Dietro le quinte. Il Grande Inquisitore di Mondadori ha confessato all’autore: “perché credi che non sia possibile scrivere il grande romanzo italiano? Perché da ottant’anni, nell’industria culturale italiana, domina Lui! Abbiamo ucciso Sergio Atzeni, Tondelli e molti altri e non esiteremo a uccidere anche te, per cui, sta calmino, vola basso e ricorda: periodare sbarazzino, prosa accessibile e scorrevole come il traffico in una Roma apocalittica. Grazie. Abbiamo finito caro Vanni: “Talitha kumi”. “Come? Icché tu dici?” “Ma non hai fatto il classico? Fanciullo, alzati, vuol dire!” “Eheheh il mio curriculum forse è un po’ gonfiato..” “Vabbè, forza Vanni, alzati che ho un altro appuntamento. Nessuno può permettersi di far aspettare Crocefisso Dentello, neanche io”.

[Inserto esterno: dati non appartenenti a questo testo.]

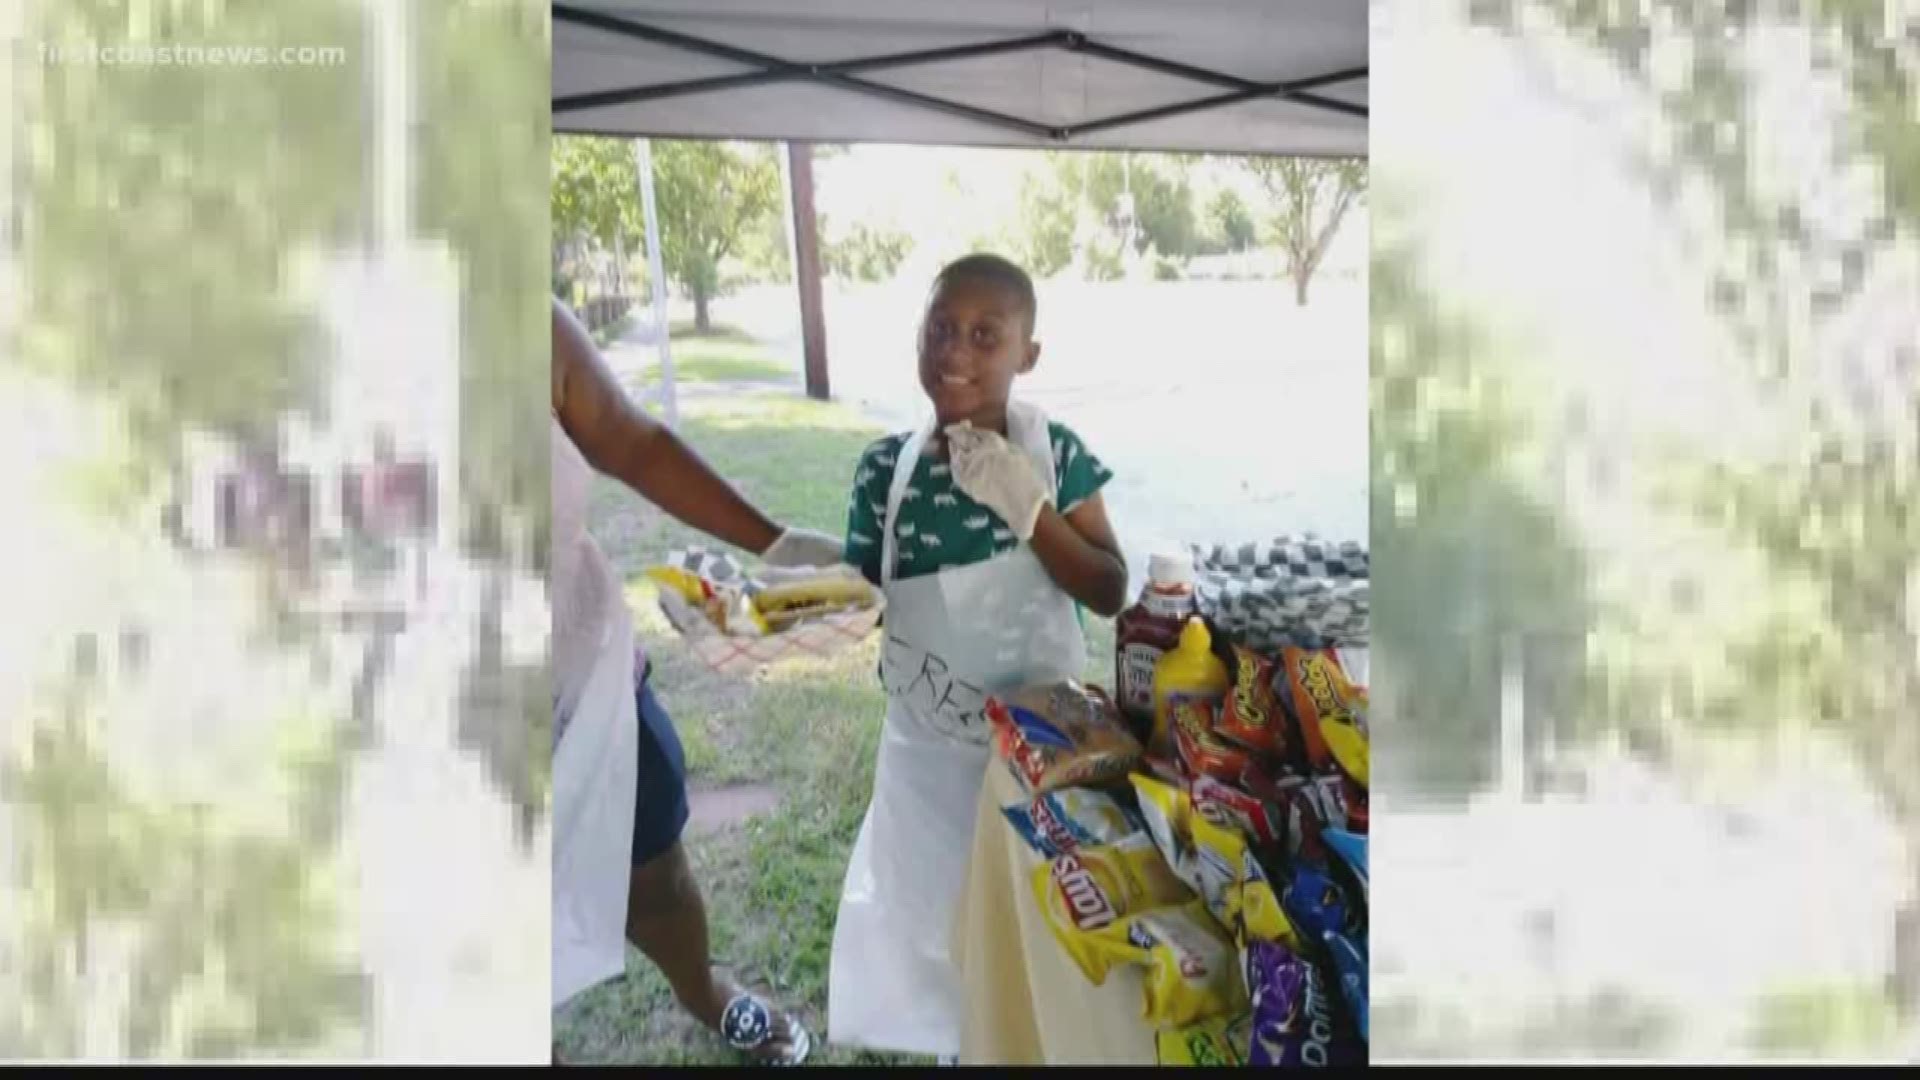 Jermaine Bell spent a whole year saving up his money to spend his seventh birthday at Disney World, but just weeks before buying those tickets, he figured Hurricane Dorian evacuees needed the money more than he did.

Postilla a margine e consiglio di lettura:
Avremmo gradito, specie nei flussi di coscienza di Louis, o negli sfoghi rabbiosi di Enrico, nei silenzi di Rudra o nella imprevedibilità di Cristiana qualche parte più coraggiosa, più visionaria, anche onirica. Consigliamo a Santoni una trilogia ancora poco conosciuta, nella quale potrà trovare, speriamo, un input, un incoraggiamento, un modello verso il quale tendere, la trilogia si chiama Abbacinante e l’ha scritta un
autore rumeno del quale ora ci sfugge il nome.